# Public Transport Data Dashboard

![mrt jakarta](assets/mrt_jakarta.jpg)

### Objective:
The aim of this project is to fetch real-time or historical data about public transport systems (e.g., buses, trains, or subways) from open APIs or datasets. The gathered data will be processed, cleaned, and visualized through an interactive dashboard.

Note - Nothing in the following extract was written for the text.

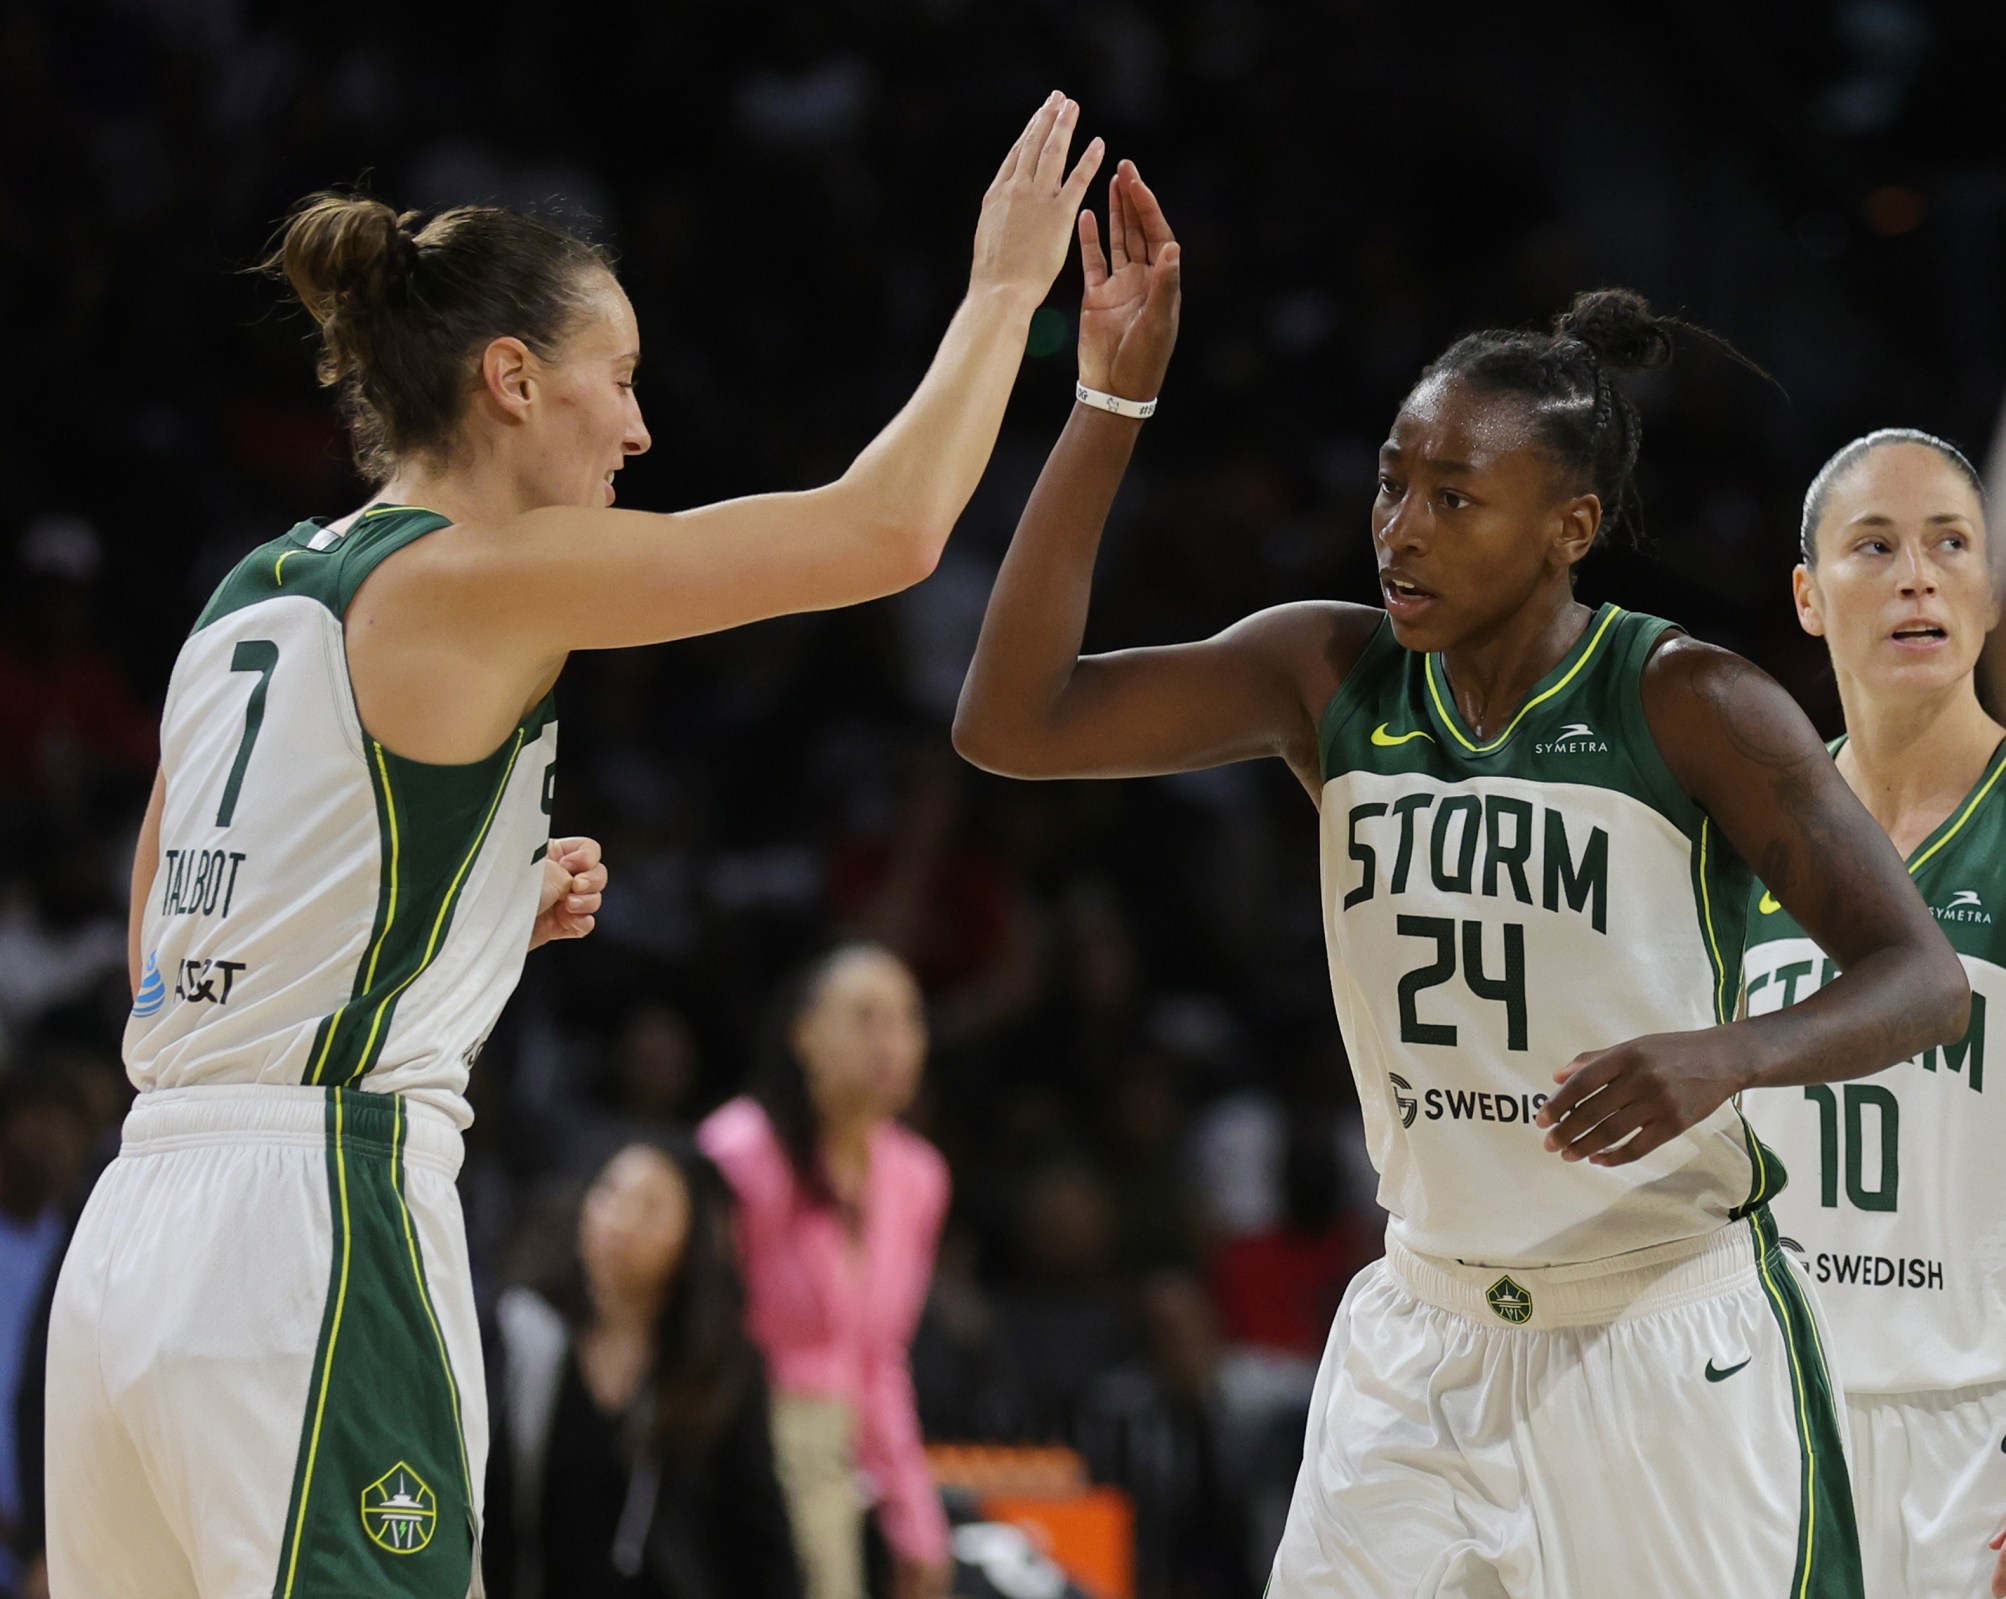 Stephanie Talbot #7 of the Seattle Storm high-fives Jewell Loyd #24 after she hit a 3-pointer against the Las Vegas Aces in the fourth quarter of Game One of the 2022 WNBA Playoffs semifinals at Michelob ULTRA Arena on August 28, 2022 in Las Vegas, Nevada. The Storm defeated the Aces 76-73.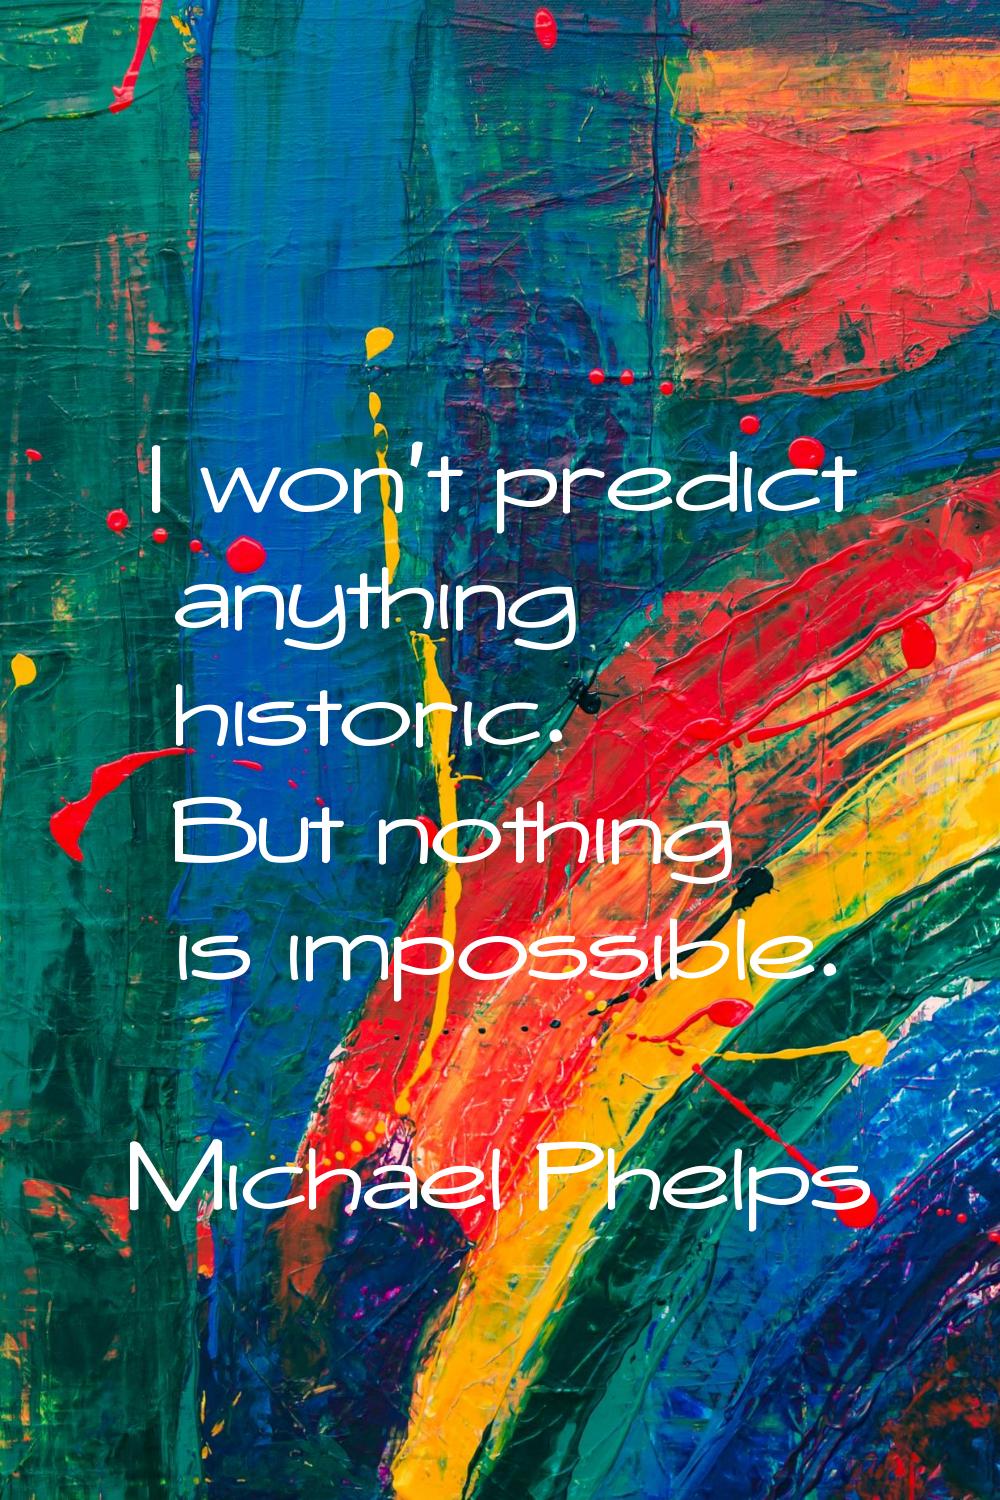 I won't predict anything historic. But nothing is impossible.

The dashboard will help visualize patterns such as transport availability, punctuality, routes, and passenger demand over time.

## Key Features of the Project:

### Data Collection:
Identify reliable open sources for public transport data (e.g., city transport APIs, GTFS feeds, or public transport websites).
Use Python to fetch data using libraries such as requests, pandas, or openpyxl.


### Data Processing:
Clean and preprocess the data to ensure it's in a usable format.
Handle missing data, duplicates, and irrelevant columns.
Perform any necessary transformations (e.g., timestamp conversions, geospatial coordinates for locations).

### Data Storage:
Store the data in a local database (e.g., SQLite) or a cloud-based data warehouse (e.g., Google BigQuery, AWS Redshift) for later use.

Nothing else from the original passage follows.